Apocryphal story of why

 

https://www-users.york.ac.uk/~ss44/joke/rail.htm

 

The US Standard railroad gauge (distance between the rails) is 4 feet, 8.5 inches. That's an exceedingly odd number. Why was that gauge used? Because that's the way they built them in England, and the US railroads were built by English expatriates.

Why did the English people build them like that? Because the first rail lines were built by the same people who built the pre-railroad tramways, and that's the gauge they used.

Why did they use that gauge then? Because the people who built the tramways used the same jigs and tools that they used for building wagons, which used that wheel spacing.

Okay! Why did the wagons use that odd wheel spacing? Well, if they tried to use any other spacing the wagons would break on some of the old, long distance roads, because that's the spacing of the old wheel ruts.

So who built these old rutted roads? The first long distance roads in Europe were built by Imperial Rome for the benefit of their legions. The roads have been used ever since.

And the ruts? The initial ruts, which everyone else had to match for fear of destroying their wagons, were first made by Roman war chariots. Since the chariots were made for or by Imperial Rome they were all alike in the matter of wheel spacing.
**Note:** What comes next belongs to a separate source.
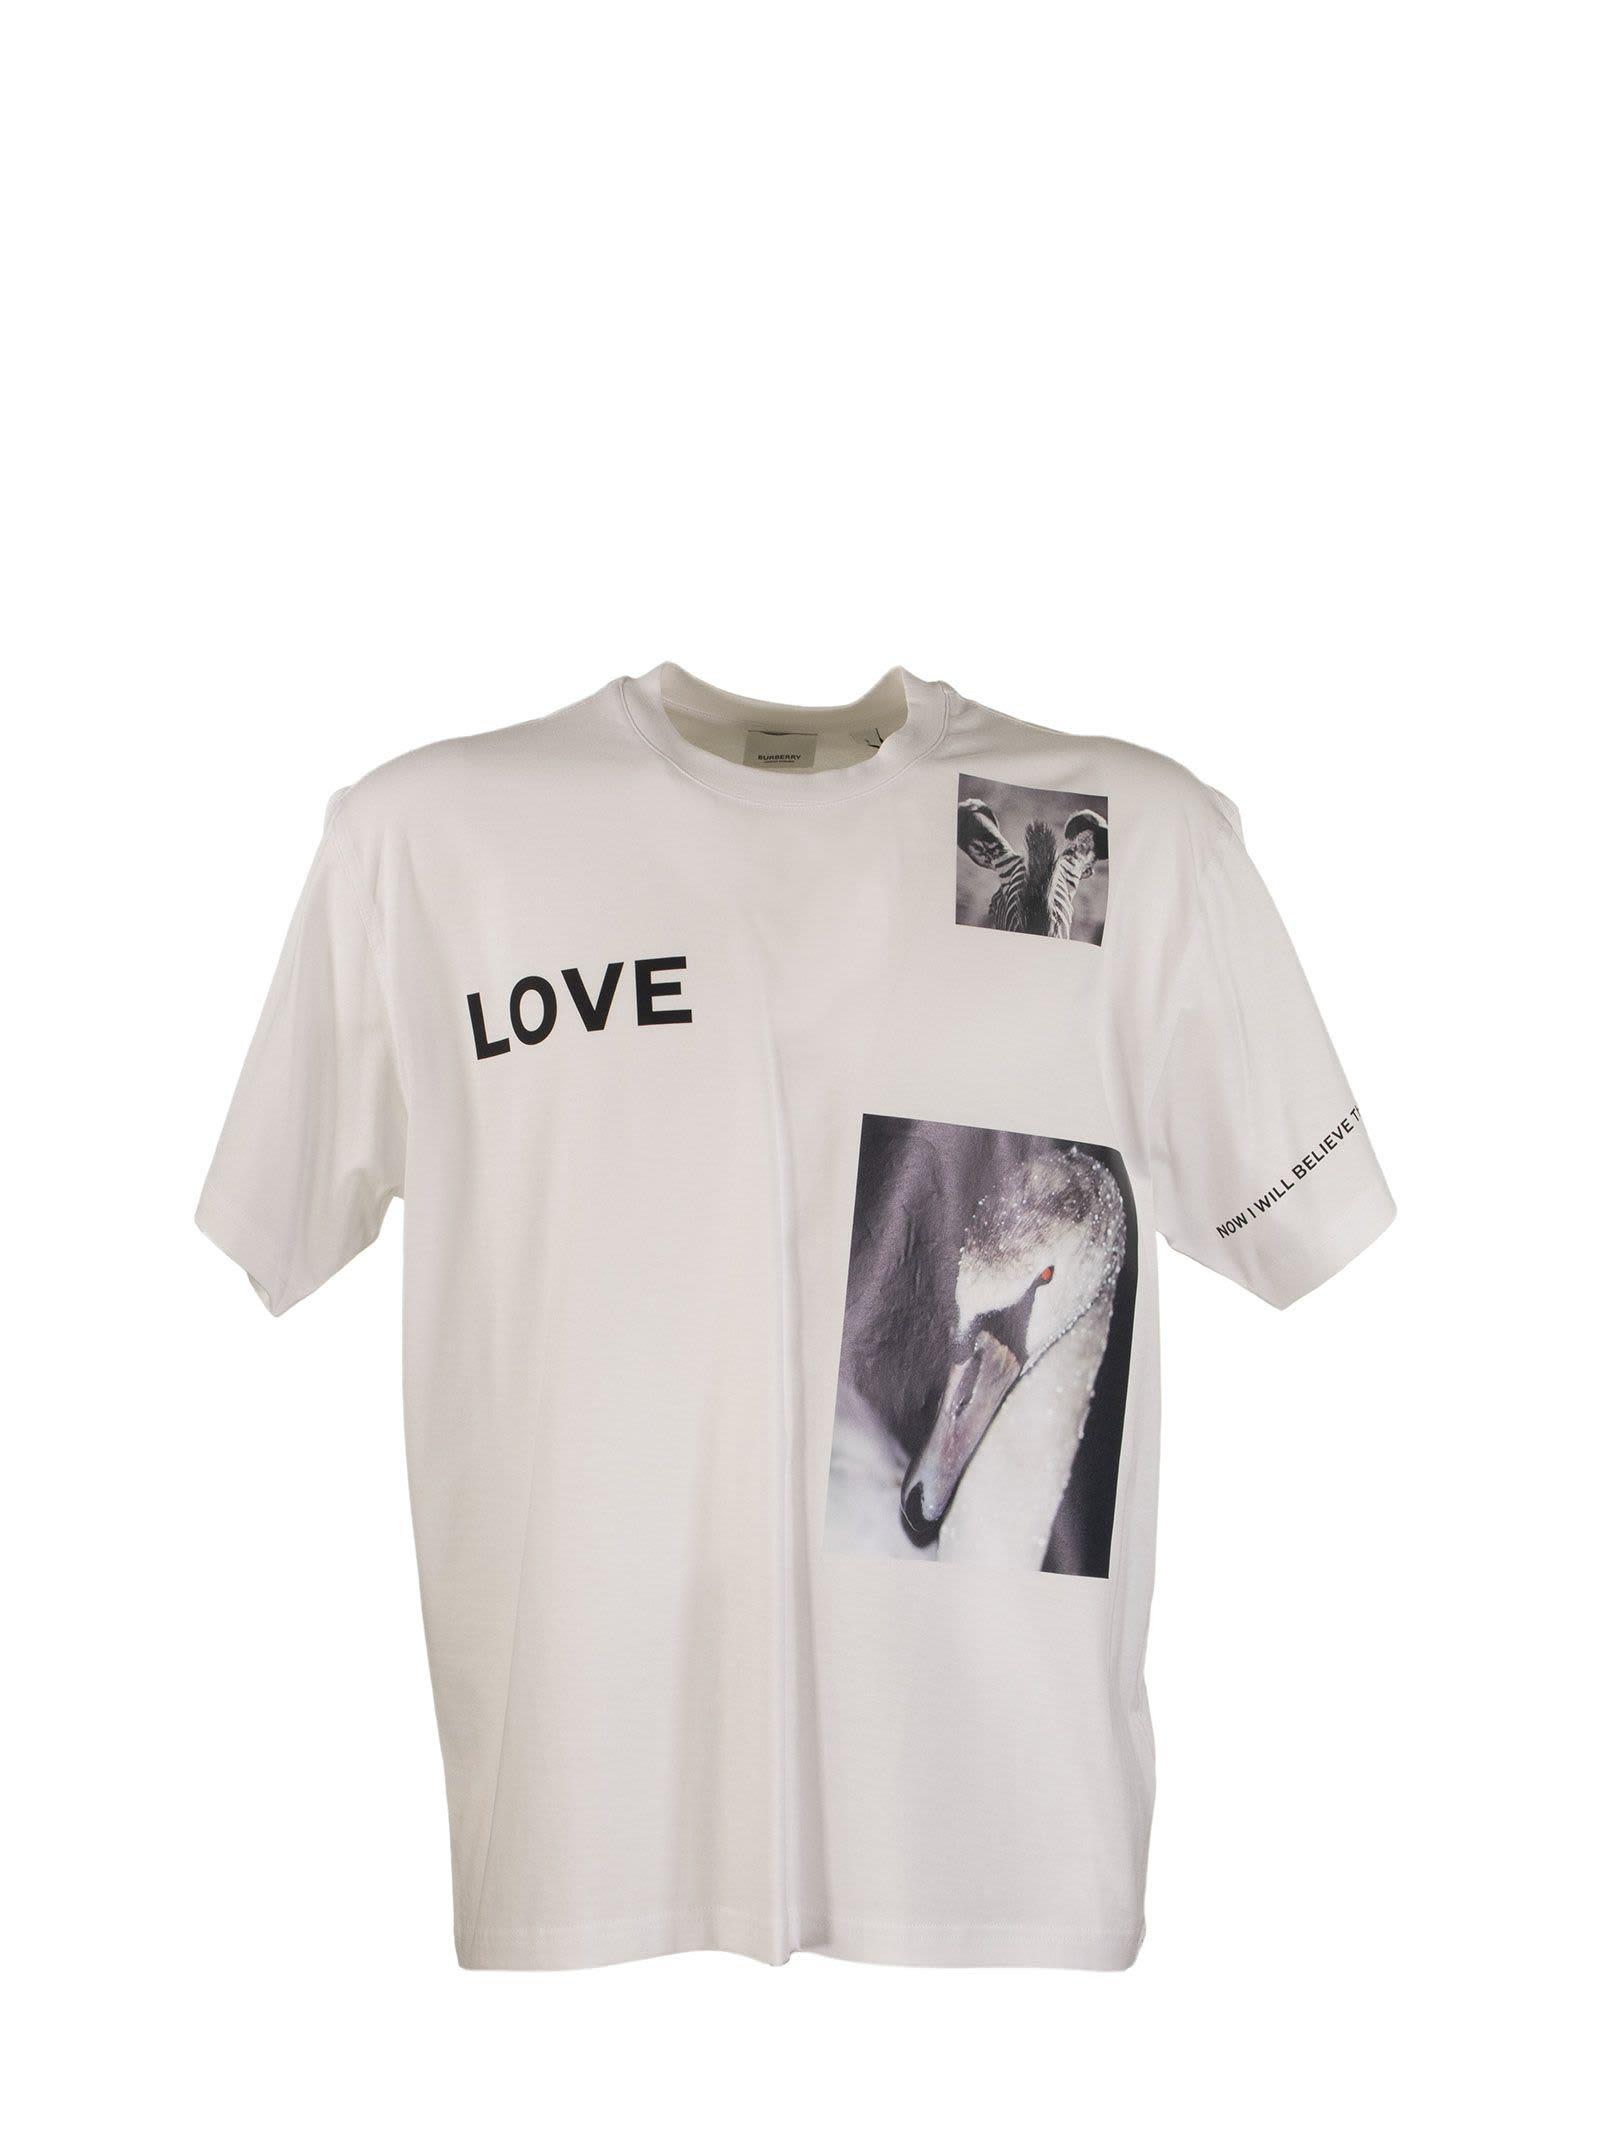 Burberry Montage Print Cotton T-shirt Love White

Thus, we have the answer to the original question. The United States standard railroad gauge of 4 feet, 8.5 inches derives from the original specification for an Imperial Roman army war chariot. Specs and Bureaucracies live forever.


... and it gets better

(unknown)

So, the next time you are handed a specification and wonder what horse's ass came up with it, you may be exactly right. Because the Imperial Roman chariots were made to be just wide enough to accommodate the back ends of two war horses.

Now the twist to the story. . . .

There's an interesting extension of the story about railroad gauge and horses' behinds. When we see a Space Shuttle sitting on the launch pad, there are two big booster rockets attached to the sides of the main fuel tank. These are the solid rocket boosters, or SRBs. The SRBs are made by Thiokol at a factory in Utah. The engineers who designed the SRBs might have preferred to make them a bit fatter, but the SRBs had to be shipped by train from the factory to the launch site. The railroad line to the factory runs through a tunnel in the mountains. The SRBs had to fit through that tunnel. The tunnel is slightly wider than a railroad track, and the railroad track is about as wide as two horses' behinds.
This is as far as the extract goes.